Tomorrow I'll go see Miros LADDER OF ESCAPE. Have always been drawn to his work but without thinking, why, what is it about it? What does it mean to me? Less 'representational' so the essence of a man, of an idea of a thought, of a question is striving within it. Or did he know what he wanted to say or do before he did it? Is it prepared or a considered response.. and through that response and the process interprations or patterns begin to emerge.
Am looking at jumping between all sets of ideas and going back into the meeting today about building the CWI.. what was said in discussion, processes, what has happened our interaction to who we are and what we do.
I work at things as I go along but there is lots of thinking and the thinking takes time.. how to ease it any and out of that?? Calm this anger and edgy way and ways or maybe its is that I 'm up and I should make the most of where I am right now?
Its not a terrible thing to be awake at 11pm! (yes thats all.!) If I sleep late I can get up later.. . Work with the flow with the engery and the anger.. discomfort of being here and being me right now.

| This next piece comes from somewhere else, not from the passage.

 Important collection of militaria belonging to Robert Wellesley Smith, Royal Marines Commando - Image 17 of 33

I'm annoying and I can ? that or wallow in it? Channel it to cecome.. where next. Talk and think around the revolution or find out about it clearly and precisely.. I am so not precise!

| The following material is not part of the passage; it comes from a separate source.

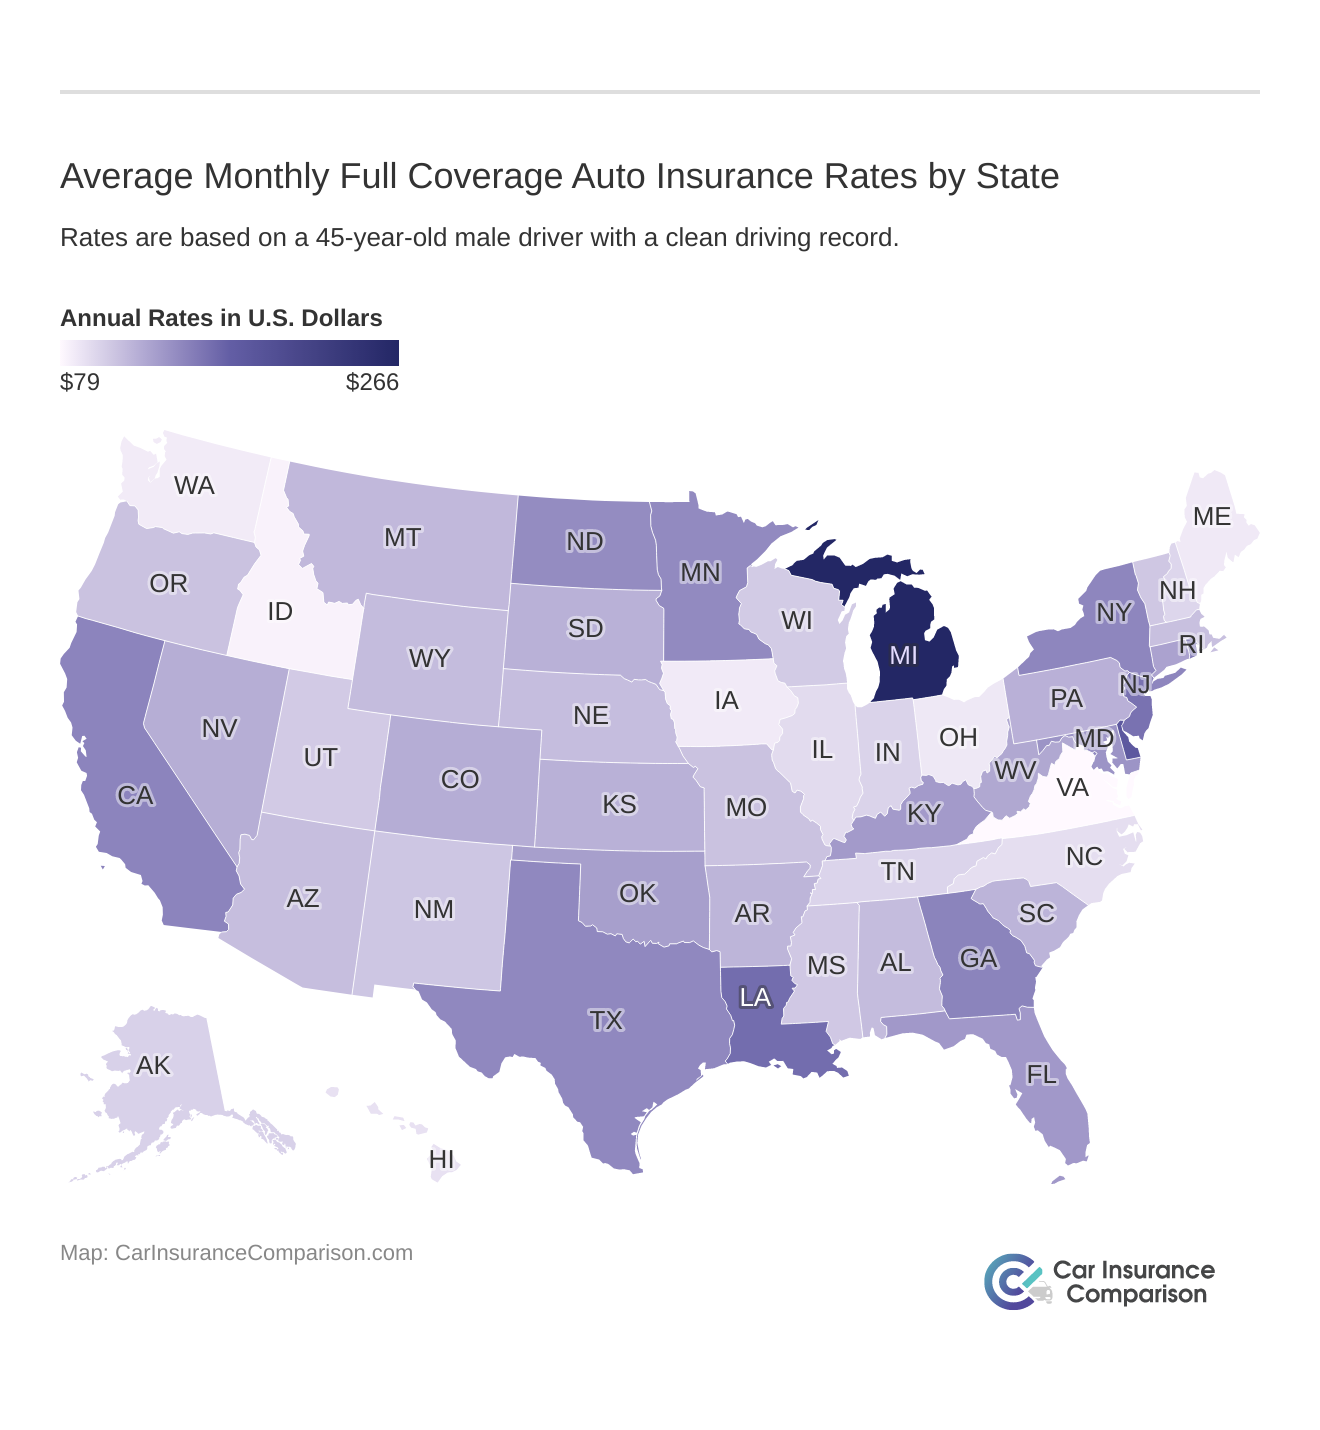 <h3>Average Monthly Full Coverage Auto Insurance Rates by State</h3>

Was thinking of V & J.. Frida and hospital.. What do I do.. you do if this comes in and out of your life so much.. what do you do?
READ JULY DAYS - LENIN
"role of the diary in Fridas work.. and in art history at large"
I don't know my place (this is from morning pages at midnight.. not what I thought I should put here but fuck it) I was brought up with huge invisible and visible boundries yet none.. They were confused with thier own journeys and backgrounds and life fucks so sometimes gave into, gave up..
Each time I', here (with you bits of paper) I find something out about myself and that makes sense of this of me too.
An awkward and defensive person and I dont have to or need to bring to the front of me and all if it was the 6pm coffee??
Perhaps I can make it weaker.. thought it smelt lovely!
Looking back at friday khalo I realised Shelley gave it to me when I was going into hospital..
Pg 10 "She painted.. she was the subject she knew best" - or maybe she was working herself out in the process?
And she goes with intuition.. a liberation.. yes a liberation!